We’ve Got Algorithms. Who Needs Editors?

In an article published last weekend on Mashable, Sarah Kessler asked the question, “Can Robots Run the News?” It’s an important question not just for journalists, but for anyone who creates or curates content on the Web.

The examples Kessler cites span the range of content creation, from automatically generated sports news to the use of algorithms to identify news topics. There’s obvious value to automated content creation, and as Jeff Jarvis has declared, “Data is (are) journalism.” But we should be careful not to confuse computed content with communication.

Computed content is a set of data; communication is the expression of an attitude toward, or perspective on, those data. Without a point of view, content is just an audience speaking to itself.

Using Web analytics from a test period to automatically choose between two headlines, as we’re told the Huffington Post does for its stories, can make sense—if both versions are true to the content. If you balance crowd-sourced feedback with the content creator’s point of view, you’ll have a productive conversation. But if the crowd takes precedence, it may simply replace content’s individual vitality with the bland mean.

Take, for instance, the English title for Stieg Larsson’s novel The Girl with the Dragon Tattoo. It may not have been crowd sourced, but it certainly plays to a corporate idea of the crowd. Is it really better than the literally translated original title, Men Who Hate Women? (That’s a rhetorical question. The original title nails the book’s central concern; the English version just wraps it in a pulp-fiction cover.)

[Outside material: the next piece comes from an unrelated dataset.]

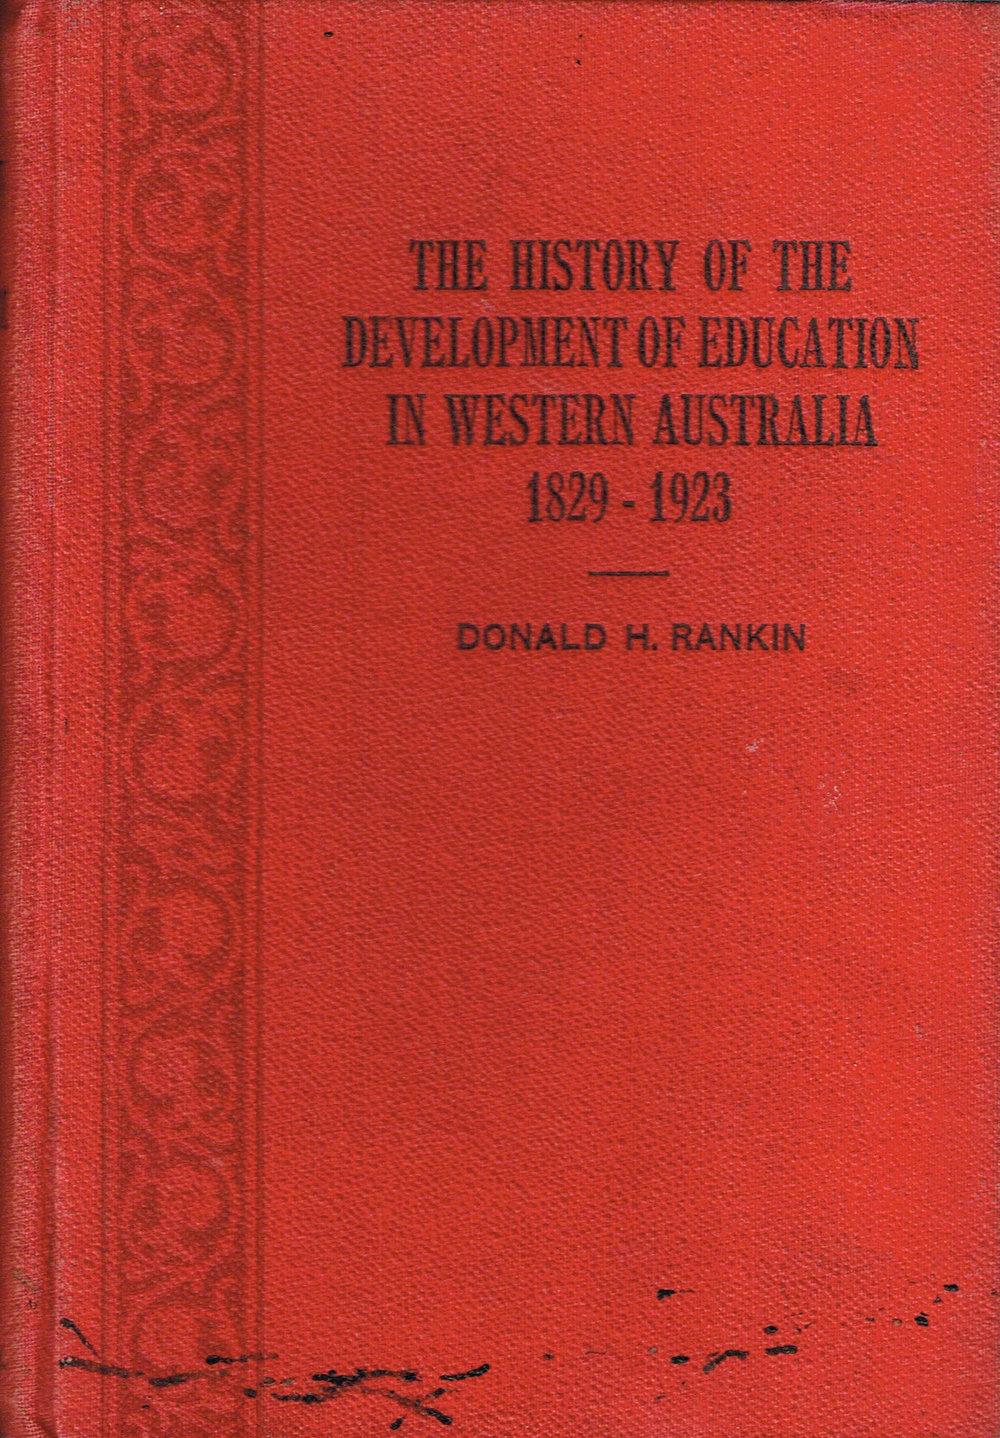 The history of the development of education in Western Australia, 1829 - 1923   Donald Hamilton Rankin (1880-1974).

Even in content marketing, where knowing what people want is critical to the content provider’s success, a one-sided conversation dominated by the audience won’t fly. For a conversation to work, there must be differences between the participants. The power of new media is the way it enables the audience to challenge the creator. That doesn’t mean, though, that the creator should stop challenging the audience.

This balance seems to be what Yahoo VP of Media Jimmy Pitaro is after in the company’s news blog, The Upshot. In her interview with him last week on All Things D, Kara Swisher noted that while some see computational journalism as a “‘democratizing’ of the news, others are more concerned about relying on algorithms to determine the best coverage and the implications for a society guided by its own searches.”

But as Pitaro noted in his video interview, “data and audience insights” constitute just one component of the content. In addition, Yahoo uses the “old-school” methods of “manually identifying topics” through its team of editors and writers.

Similarly, as Kessler mentioned in Mashable and as Claire Cain Miller explored at greater length in yesterday’s New York Times, the tech-news site Techmeme uses both algorithms and editors to produce its content. Why? Because “humans do things software cannot, like grouping subtly related stories, taking into account sarcasm or skepticism, or posting important stories that just broke.”

If readers didn’t care about such things, algorithms alone might be enough. But they do care. The same audience whose searches drive the algorithms also want the human touch in their content.  Until computers can pass the Turing Test, it isn’t likely that they will replace people in content creation.

3 thoughts on “We’ve Got Algorithms. Who Needs Editors?

  1. Amen! The limits of robots go beyond the selection of content and headlines to fact-checking, polishing (spell checking, grammar and clarity) and beyond to the all-critical addition of context (telling the reader why the story is important). Go beyond that to providing insight or delight to the reader (the highest level in the content “value chain”) and the less value an algorithm can provide.

    Your point about the limits of “audience driven” content is also very well taken. What is often most interesting is what everyone else ISN’T talking about and hasn’t seen yet. The classic example would be a story predicting the fall of the housing market several months before it happened. How would you have “crowd-sourced” that?

    Am currently finishing up an ebook on where it makes sense to still use professional editors vs. the crowd in B2B content creation — happy to furnish a review copy for feedback from interested participants.